Brief:
Please copy the data exactly as it stands, minus the images.

Information shown:
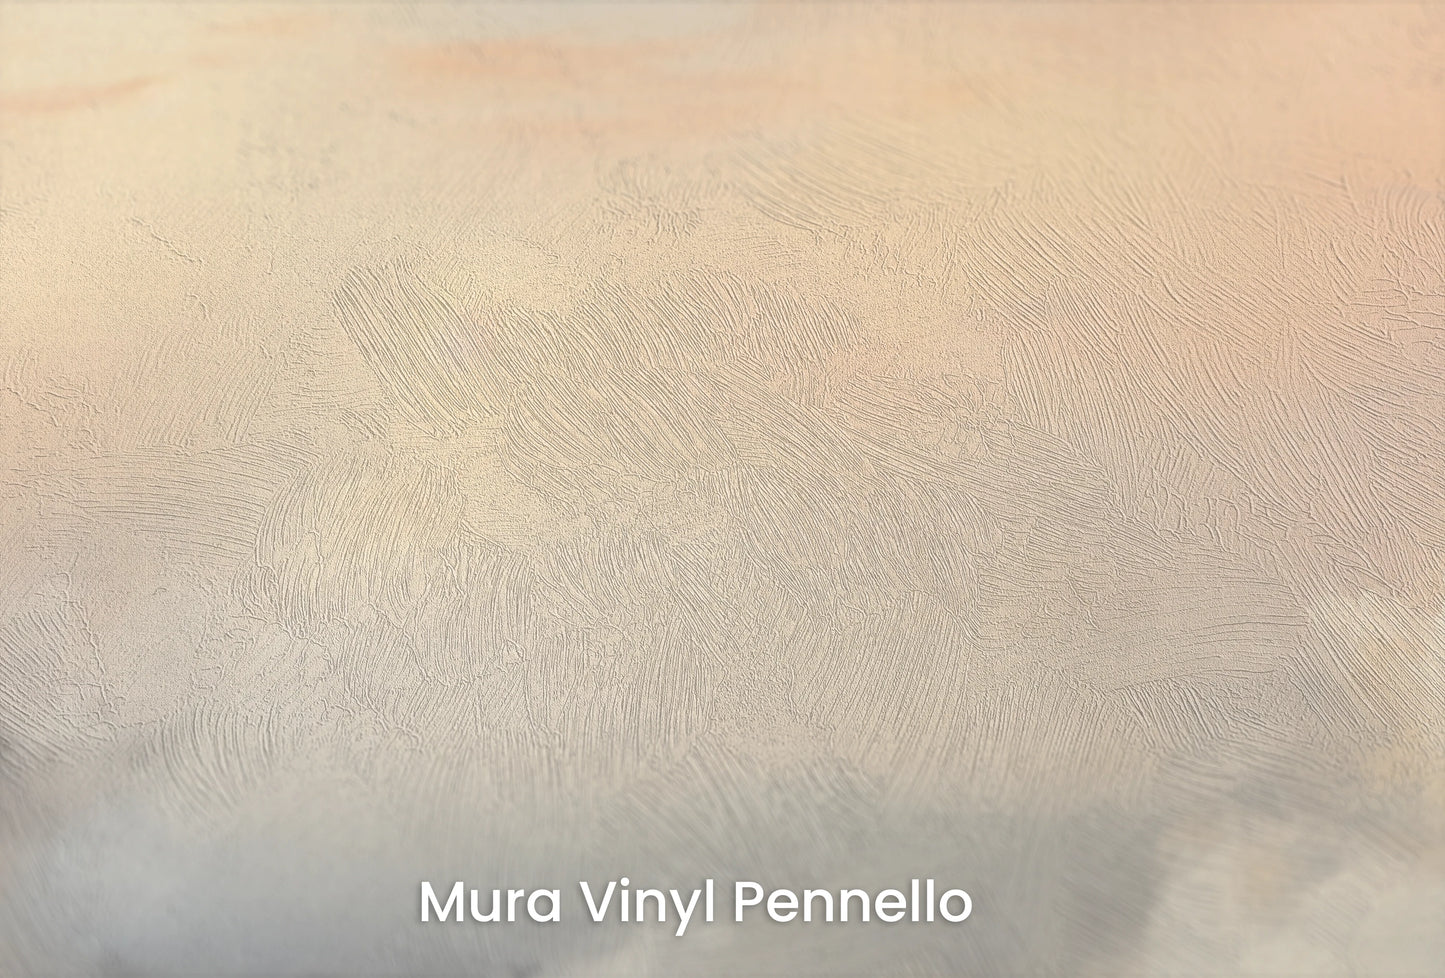 Zbliżenie na artystyczną fototapetę o nazwie Misty Morning Hues na podłożu Mura Vinyl Pennello - faktura pociągnięć pędzla malarskiego.
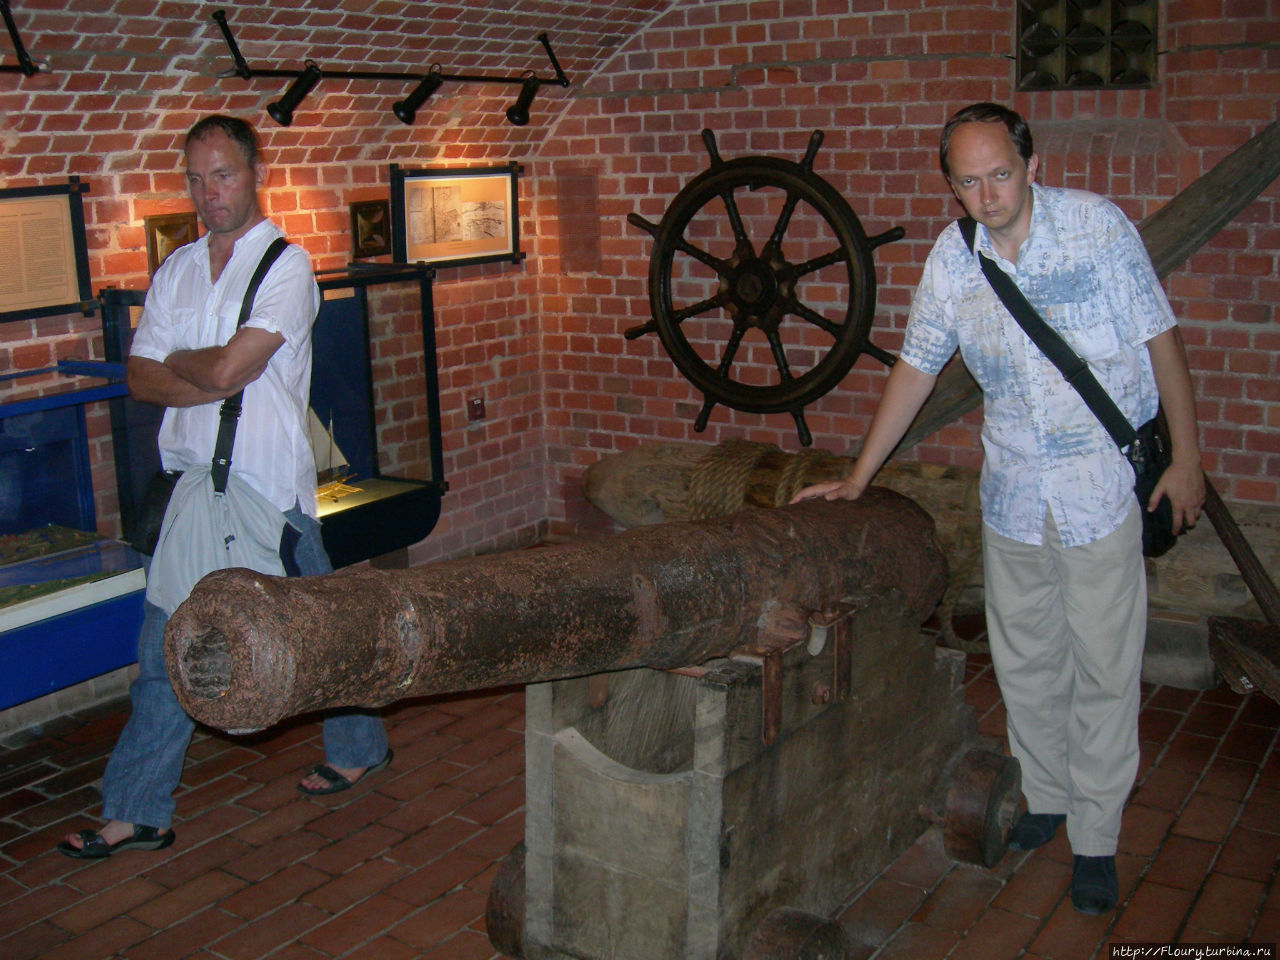 Музей, где Нептун открывает свои секркты Клайпеда, Литва
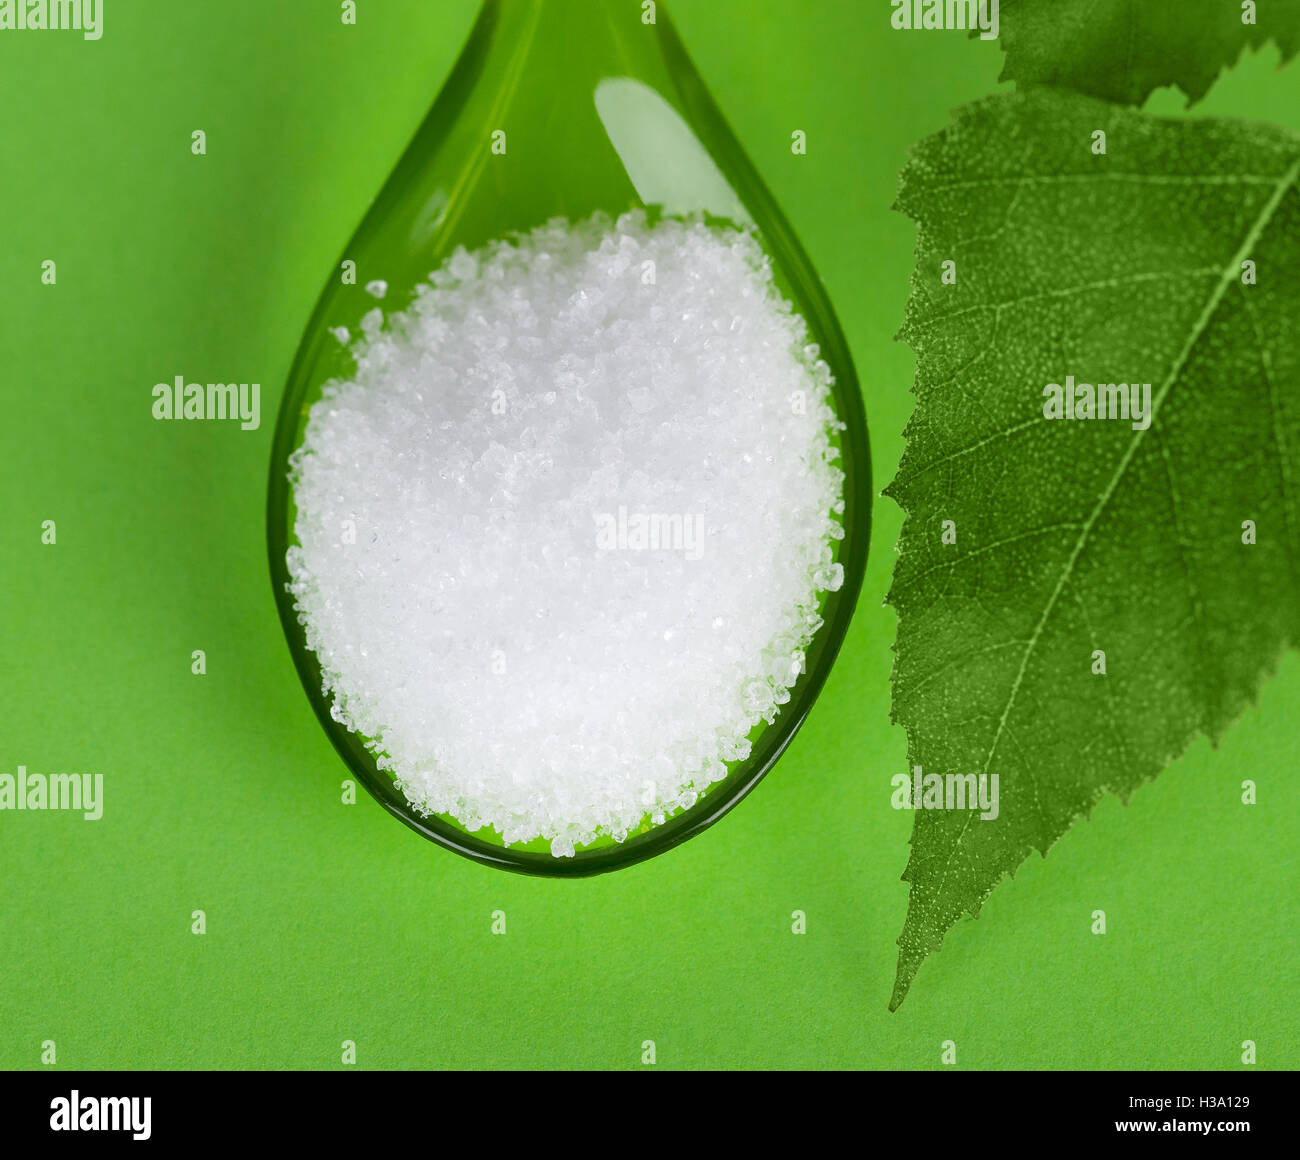 El Xilitol azúcar de abedul en cuchara de plástico con hojas de abedul sobre fondo verde. Sustituto de alcohol de azúcar blanco granulado. Foto de stock

Solution to this problem:
 Zbliżenie na artystyczną fototapetę o nazwie Misty Morning Hues na podłożu Mura Vinyl Pennello - faktura pociągnięć pędzla malarskiego.
 Музей, где Нептун открывает свои секркты Клайпеда, Литва
 El Xilitol azúcar de abedul en cuchara de plástico con hojas de abedul sobre fondo verde. Sustituto de alcohol de azúcar blanco granulado. Foto de stock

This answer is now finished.